Des procédures de RAC (Réhabilitation Améliorée après Chirurgie) sont mises en place et adaptées à chaque chirurgie, pour diminuer les complications post-opératoires et faciliter la récupération : lever le plus précoce possible, reprise alimentation, limiter les tuyaux laissés en place) avec l’aide des infirmières et kinésithérapeutes des services de réanimation et du service. Les drains sont enlevés petit à petit en fonction de la quantité de liquide qu’ils donnent.
Après les services de réanimation, le patient regagne le service de chirurgie générale où il termine sa récupération avant de rentrer soit à son domicile soit en maison de repos.
Effets secondaires de la chirurgie de cytoréduction et de la CHIP
Tout au long du parcours du patient, des précautions sont prises pour limiter les risques. Malheureusement, des problèmes peuvent toujours survenir. Vous trouverez ci-dessous une liste des plus graves complications liées principalement à la chirurgie de cytoréduction.
Pendant l'intervention
Les vaisseaux sanguins sont nombreux dans la paroi abdominale. Ils peuvent être blessés accidentellement et entraîner en conséquence des saignements (hémorragie ou hématome). Les chirurgiens mettent tout en œuvre pour arrêter ces saignements lorsqu’ils apparaissent. En dernier recours, des transfusions peuvent être nécessaires pour compenser ces pertes de sang.
Lorsque des sutures sont pratiquées sur le tube digestif, elles peuvent ne pas cicatriser et entraîner des fistules. Même si elles sont rares, ces manifestations apparaissent 2 à 7 jours après l’opération et peuvent entraîner de la fièvre, des douleurs abdominales, des écoulements anormaux dans les drains. Elles peuvent être traitées soit médicalement (par la mise en place d’antibiotiques et d’autres traitements) soit chirurgicalement, soit endoscopiquement (les gastroentérologues peuvent réaliser des endosccopies pour mettre en place des drains internes) .
Après l'intervention
Des abcès (infection) peuvent apparaître sur les cicatrices ou en intra abdominal.
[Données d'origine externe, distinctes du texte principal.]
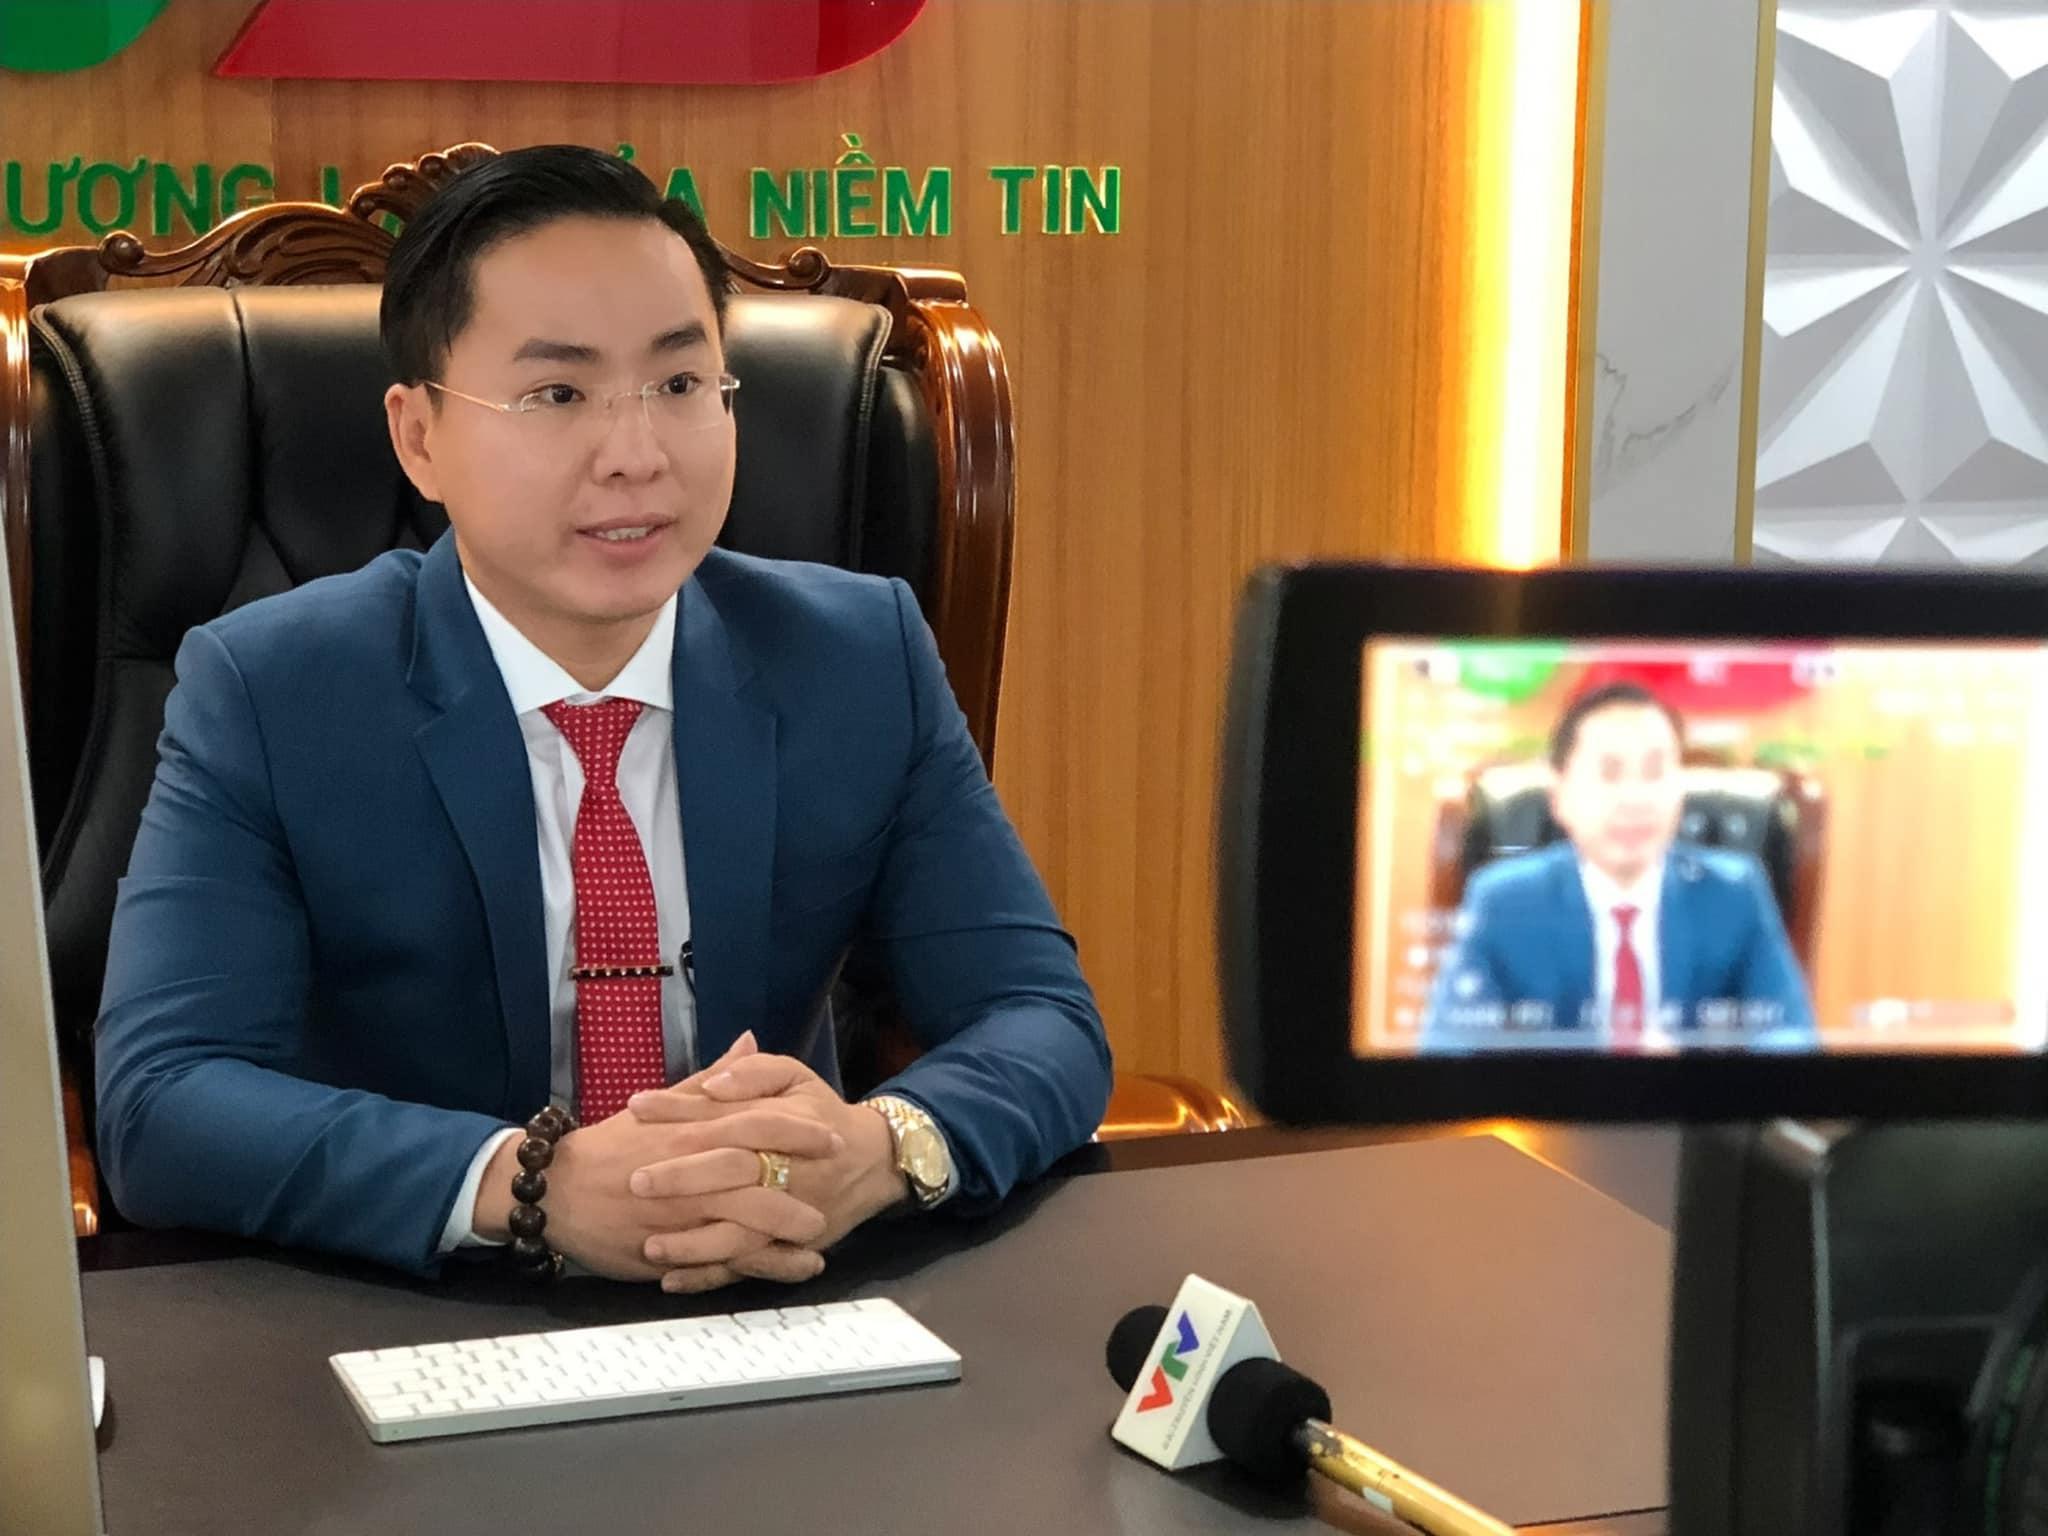 Chủ tịch VSetGroup - ông Trương Anh chia sẻ về định hướng phát triển Tập đoàn VSetGroup trong năm 2021.

Ils sont alors traités par la mise en place d’antibiotiques adaptés, de soins infirmiers locaux, de drainages radiologiques ou de réinterventions chirurgicales.
Le transit intestinal (digestion) peut mettre plusieurs jours à reprendre à cause du geste chirurgical. Les médecins peuvent alors ralentir la reprise alimentaire et prolonger la mise en place de perfusions et le jeun. Si des vomissements interviennent, une sonde peut être posée pour vidanger l’estomac et le mettre au repos.
Le risque de phlébite et d’embolie pulmonaire est important. En prévention, les médecins prescrivent dès le lendemain de la chirurgie des anticoagulants afin de rendre le sang plus fluide, des bas de contention et un lever précoce. Le risque d’apparition de caillots existe cependant. Ils peuvent alors se bloquer soit dans les veines et donner des phlébites des jambes ou des bras ou migrer jusqu’aux poumons et donner des embolies pulmonaires.
Ces risques sont connus par les médecins qui mettent tout en œuvre pour les prévenir grâce à la coopération entre les différentes spécialités médicales (chirurgie, anesthésie, radiologie).